Evaluating tree-based imputation methods as an alternative to MICE PMM for drawing inference in empirical studies

from arxiv, The project "From Prediction to Agile Interventions in the Social Sciences (FAIR)" is receiving funding from the programme "Profilbildung 2020'', an initiative of the Ministry of Culture and Science of the State of Northrhine Westphalia. The sole responsibility for the content of this publication lies with the authors

Dealing with missing data is an important problem in statistical analysis that is often addressed with imputation procedures. The performance and validity of such methods are of great importance for their application in empirical studies. While the prevailing method of Multiple Imputation by Chained Equations (MICE) with Predictive Mean Matching (PMM) is considered standard in the social science literature, the increase in complex datasets may require more advanced approaches based on machine learning. In particular, tree-based imputation methods have emerged as very competitive approaches. However, the performance and validity are not completely understood, particularly compared to the standard MICE PMM. This is especially true for inference in linear models. In this study, we investigate the impact of various imputation methods on coefficient estimation, Type I error, and power, to gain insights that can help empirical researchers deal with missingness more effectively. We explore MICE PMM alongside different tree-based methods, such as MICE with Random Forest (RF), Chained Random Forests with and without PMM (missRanger), and Extreme Gradient Boosting (MIXGBoost), conducting a realistic simulation study using the German National Educational Panel Study (NEPS) as the original data source. Our results reveal that Random Forest-based imputations, especially MICE RF and missRanger with PMM, consistently perform better in most scenarios. Standard MICE PMM shows partially increased bias and overly conservative test decisions, particularly with non-true zero coefficients. Our results thus underscore the potential advantages of tree-based imputation methods, albeit with a caveat that all methods perform worse with an increased missingness, particularly missRanger.

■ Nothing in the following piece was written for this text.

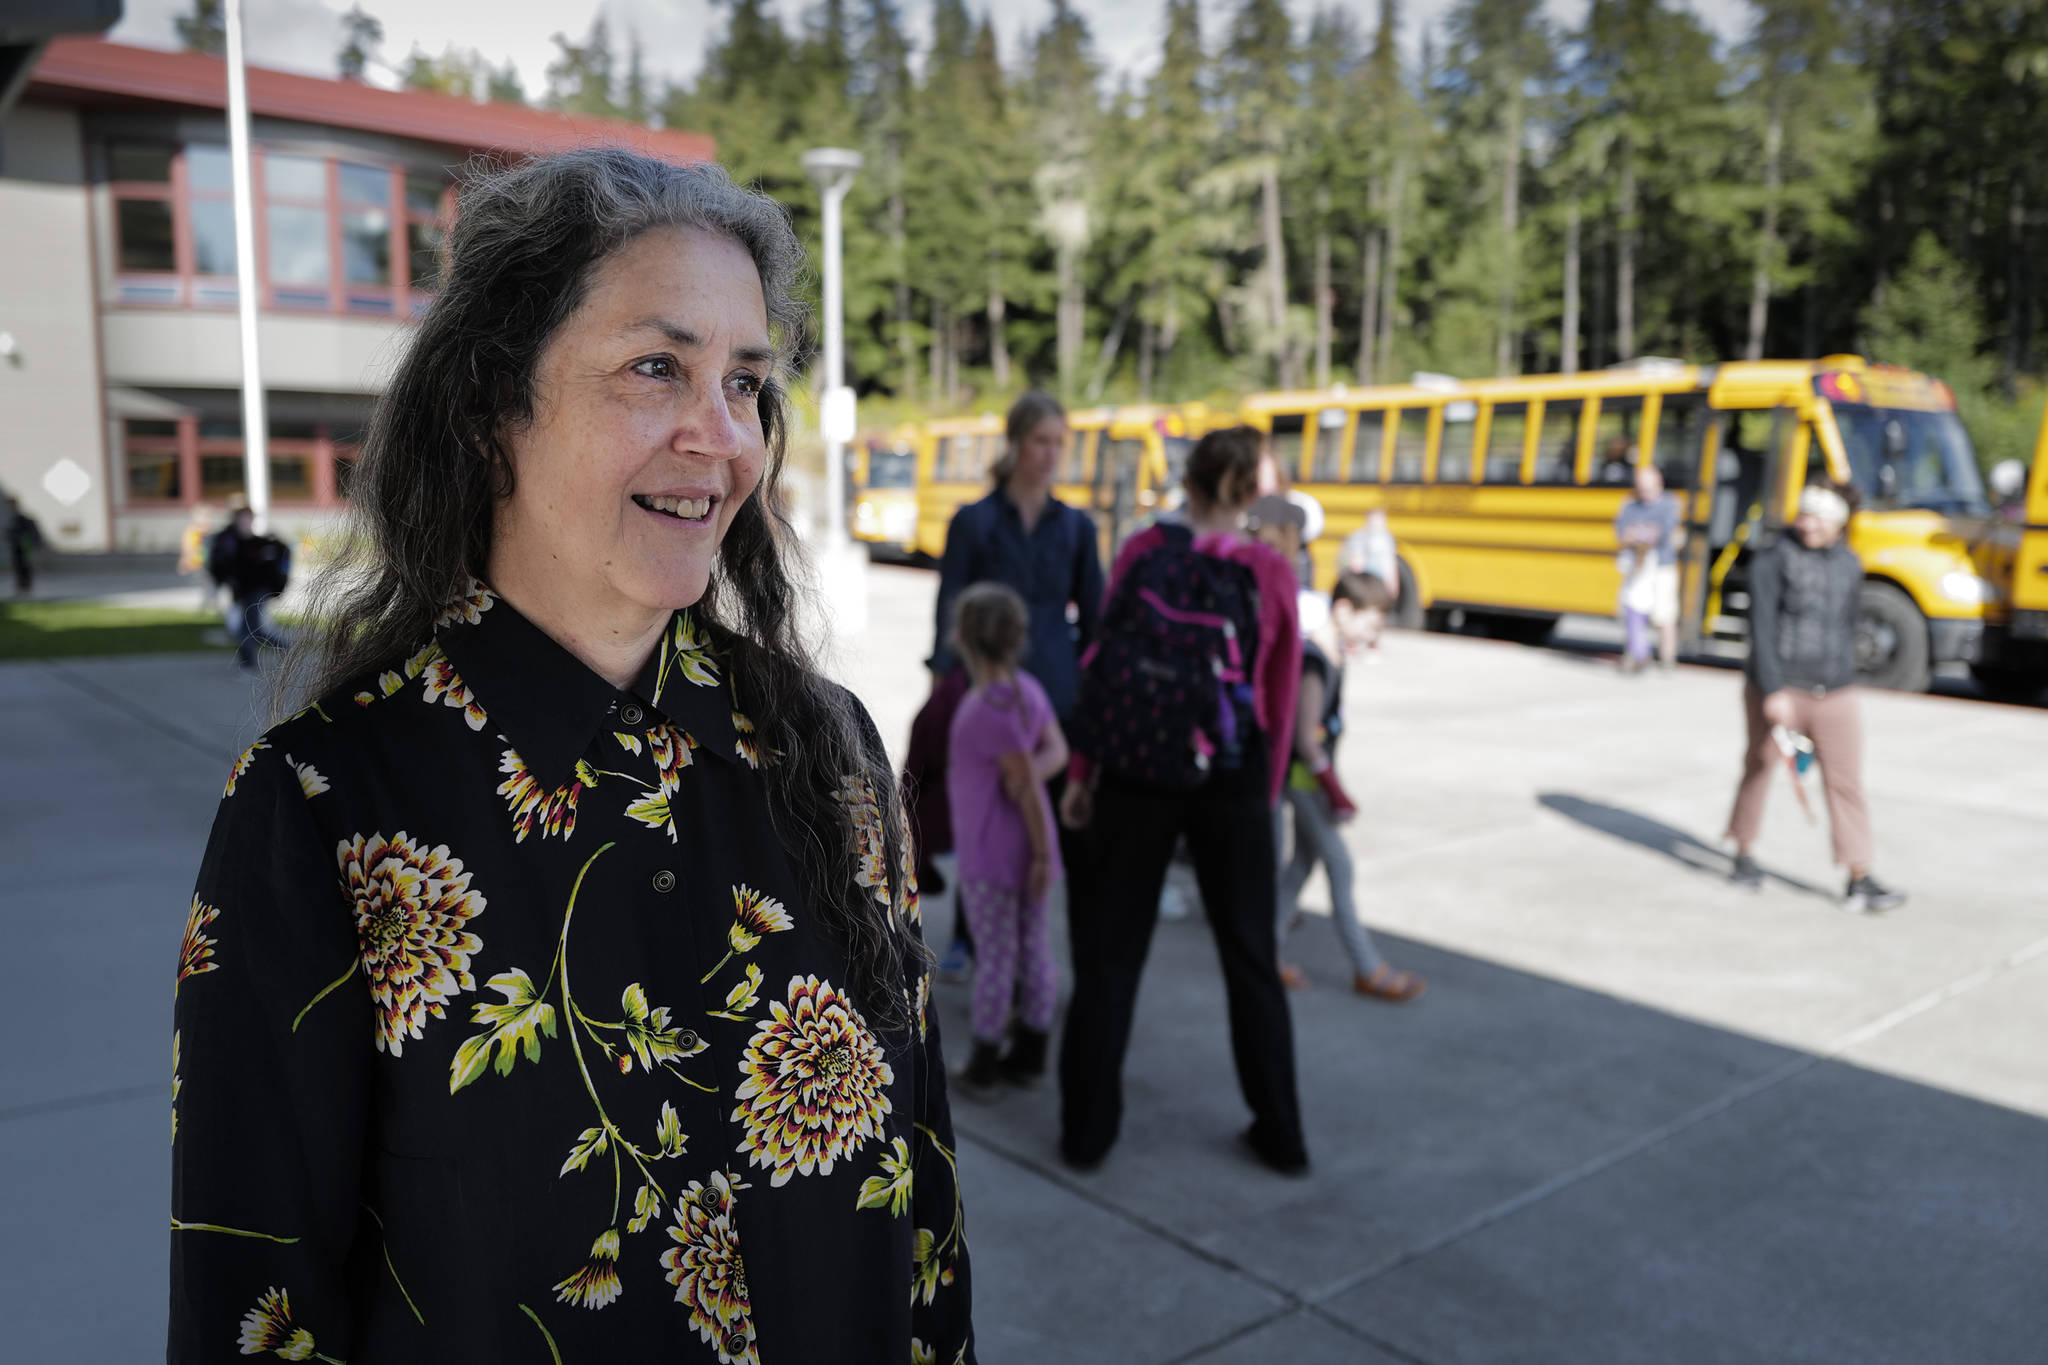 <strong> Michael Penn </strong>| Juneau Empire                                Pam Garcia, a longtime educator at Auke Bay Elementary School, watches as students catch their buses after school on Tuesday. Garcia was named as one of three finalists for Alaska Teacher of the Year.

翻译：处理缺失数据是统计分析中的一个重要问题，通常通过插补方法来解决。这类方法的性能和有效性对于其在实证研究中的应用至关重要。虽然链式方程多重插补（MICE）结合预测均值匹配（PMM）在社会学文献中被视为标准方法，但复杂数据集的增加可能需要基于机器学习的更先进方法。特别是，基于树的插补方法已成为极具竞争力的选择。然而，其性能和有效性尚未被完全理解，尤其是与标准MICE PMM相比。这一点在线性模型推断中尤为突出。在本研究中，我们探讨了各种插补方法对系数估计、第一类错误和统计功效的影响，旨在为实证研究人员更有效地处理缺失数据提供见解。我们研究了MICE PMM以及不同的基于树的方法，例如结合随机森林的MICE（MICE RF）、是否结合PMM的链式随机森林（missRanger）、以及极限梯度提升（MIXGBoost），并以德国国家教育面板研究（NEPS）作为原始数据来源进行了逼真的模拟研究。结果显示，基于随机森林的插补方法，特别是MICE RF和结合PMM的missRanger，在大多数场景中表现更佳。标准MICE PMM在某些情况下显示出部分增加的偏差和过于保守的检验决策，尤其是在处理非真实零系数时。因此，我们的结果突显了基于树的插补方法的潜在优势，但需注意所有方法在缺失率增加时表现均会变差，尤其是missRanger。